Hello everyone hope your day is going fantastic. I suppose some of you are a little confused as to why I titled my post on a writing forum in such a way. Well to be honest I never wanted to be a writer and most days that opinion stays the same. But as soon as life gives me some breathing room I feel an odd need to write things down. To make up stories for my kids and to write about random prompts that enter my head. On the advice ,strong arming, of my loving wife I came to the internet. I never plan on becoming a millionaire, I just have fun dabbling. Thanks for taking the time to read my ramblings.


----------



## candid petunia (Mar 1, 2012)

Welcome to WF, Duncan.


----------



## Nickie (Mar 1, 2012)

Welcome to the forums, Duncan.


----------



## Potty (Mar 1, 2012)

No one else going for the obvious jibe? Really? Come on Backward Ox, don't let us down! (I'm too cowardly)

Welcome to the forums! Nice to see a new face.


----------



## Duncan21 (Mar 1, 2012)

I know I left the door door open far enough to drive a Mac thru. Don't be afraid to crack some jokes. My skin is more then thick enough to take it.


----------



## Sam (Mar 1, 2012)

What's a 'writter'? 

Welcome, nonetheless.


----------



## bazz cargo (Mar 1, 2012)

Hello Duncan,
See the gremlins are out early this year.
Welcome to the forum.


----------



## Potty (Mar 1, 2012)

Sam W said:


> What's a 'writter'?



Heh, I honestly thought the Ox would be in there first with: "I don't want to be a writter" 'Just as well'

But maybe I'm just idolising too much.


----------



## The Backward OX (Mar 2, 2012)

Actually, I thought he was rather clever, with his "leave the door open enough to drive a Mac(k) through."


Welcome, writter.


----------



## Baron (Mar 2, 2012)

Potty said:


> Heh, I honestly thought the Ox would be in there first with: "I don't want to be a writter" 'Just as well'
> 
> But maybe I'm just idolising too much.



If you think the XO worthy of adulation then you really need to get out *a lot* more.


----------



## Potty (Mar 2, 2012)

Baron said:


> If you think the XO worthy of adulation then you really need to get out *a lot* more.



Don't get the bold thing, but I know what I like and I like to be punished!


----------



## Hawke (Mar 2, 2012)

Hi, Duncan. Welcome to the community. 


And Potty? That's TMI, dude. [Laughs]


----------



## LaughinJim (Mar 2, 2012)

Hello Duncan,

Glaring misspellings are merely brightly lit decoys for those who wish to waste their barbs at crafty writters and lowly critters in the night. Who does Miss Pelling think she is anyway?

Welcome to the forums but beware this tower of babel.


----------



## RedSky (Mar 7, 2012)

Welcome, I just joined WF too.
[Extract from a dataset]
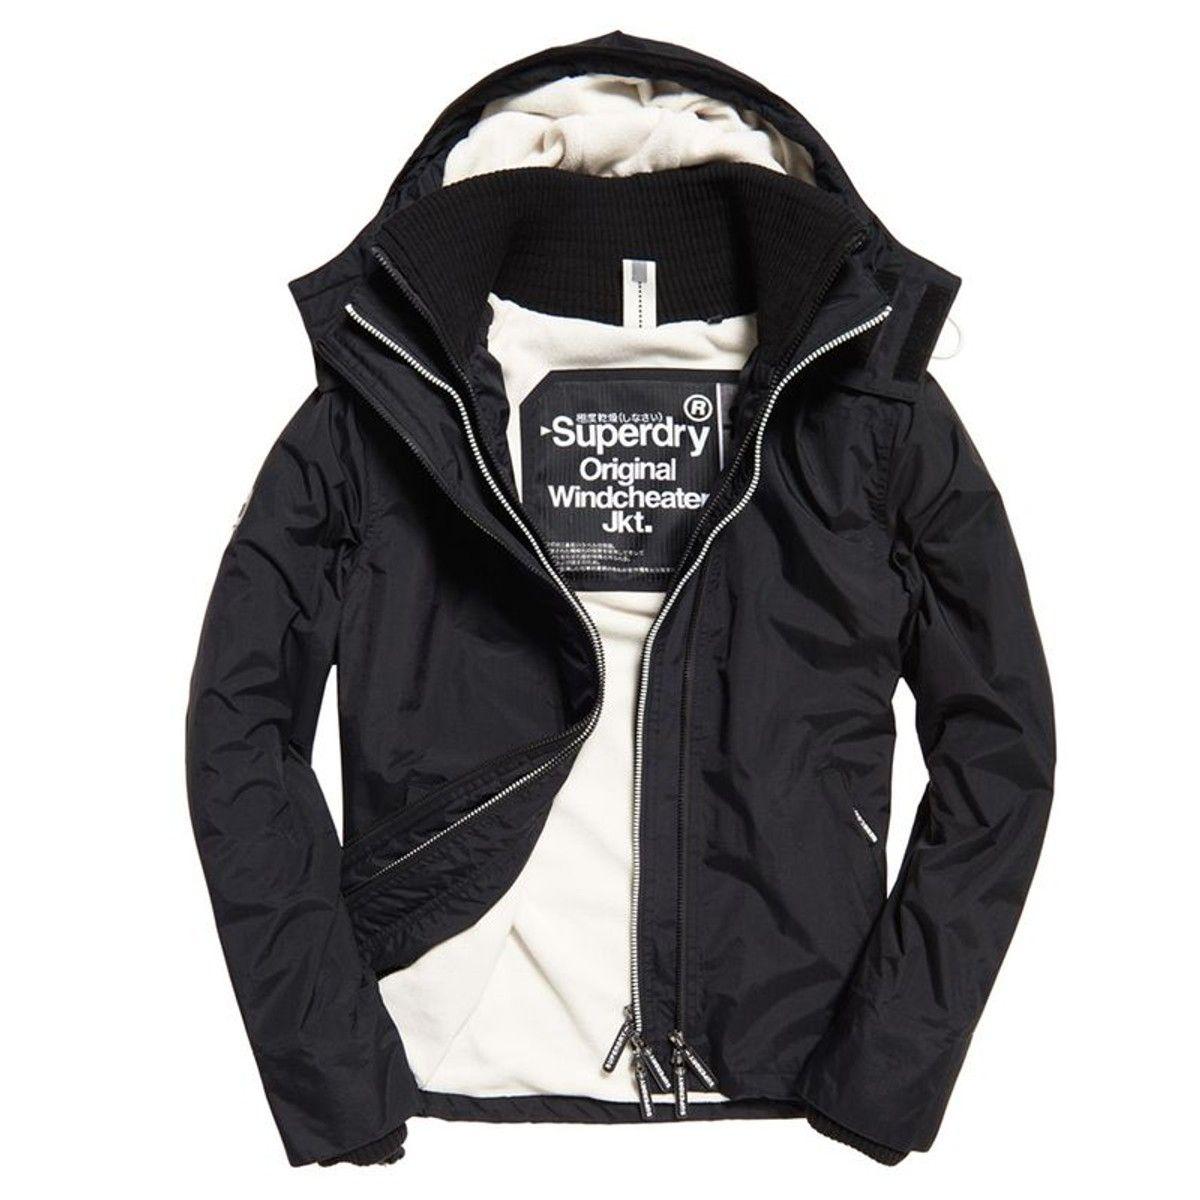 Pin by Guillermo on I want it   Windbreaker jacket mens

I hope you enjoy this website as much as I am


----------



## Bachelorette (Mar 7, 2012)

Duncan, misspellings aside, your post title reminded me of a quote by Stephen Elliott about my sig buddy Charles Bukowski:

"He [Bukowski] made me want to be a writer and for that I'll never forgive him."

Anyway. Welcome to the Forum~


----------



## iykewifey (Mar 8, 2012)

am new too,, welcome.


----------